For practitioners who need the convenience and flexibility of staying home or working from various locations, telehealth can make this a reality. During the pandemic many clinic shut their doors or reduced hours, but providers using telemedicine were able to continue working. Going forward, this flexible model can improve work-life balance for everyone involved in medicine.
There are some challenges to telemedicine, of course, Some practitioners worry about insurance reimbursement, so it is good news that regulatory changes are becoming permanent. For example, the Centers for Medicare & Medicaid Services expanded reimbursable telehealth codes for the 2021 physician fee schedule. There are still some uncertainties in this realm, which may pose a challenge for some.
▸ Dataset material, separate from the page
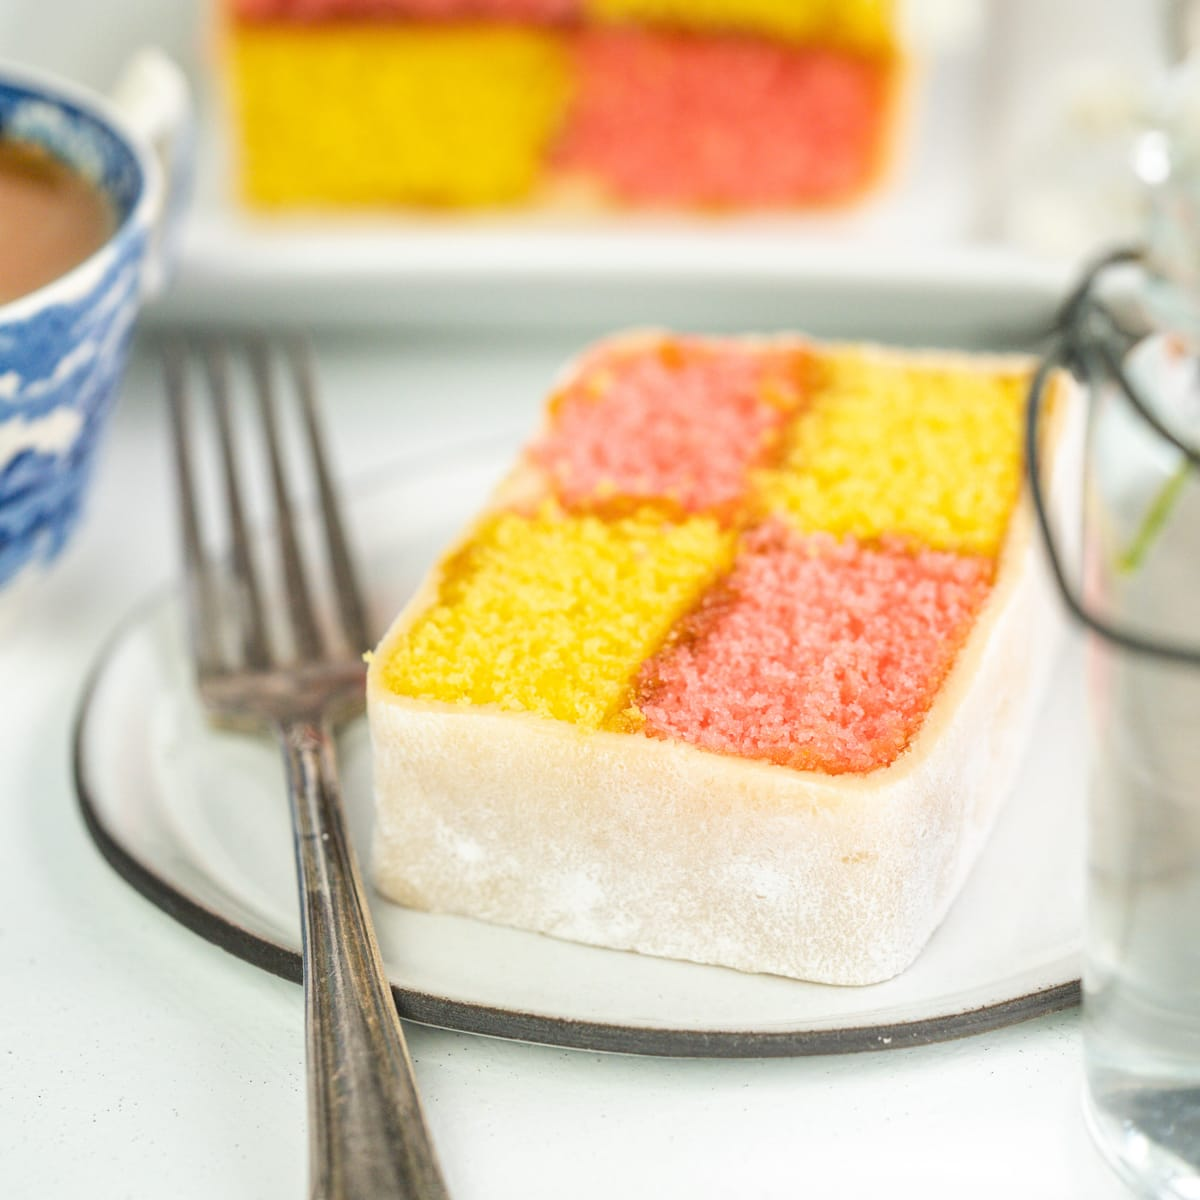 Battenberg cake slice on a plate with a fork on a light background.

It can also be challenging to get telehealth going, though the COVID-19 situation has pushed this method of care along. Some people are resistant to change — practitioners, insurers, administrators, and patients alike — but there is now widespread proof that telehealth can work. This also helps in dealing with those who are fearful or distrustful of technology and medicine intersecting, now that telemedicine is on the rise.
Privacy, policy, and jurisdictional issues may also come up. Everyone involved in telehealth should understand the regulations and responsibilities ascribed to them, and use a system that meets every standard for compliance.
Overall, the benefits of telehealth are clear. And, with more and more patients interested in this form of virtual health, and investors funneling funds into the tech, there’s no better time than now to get started with virtual health.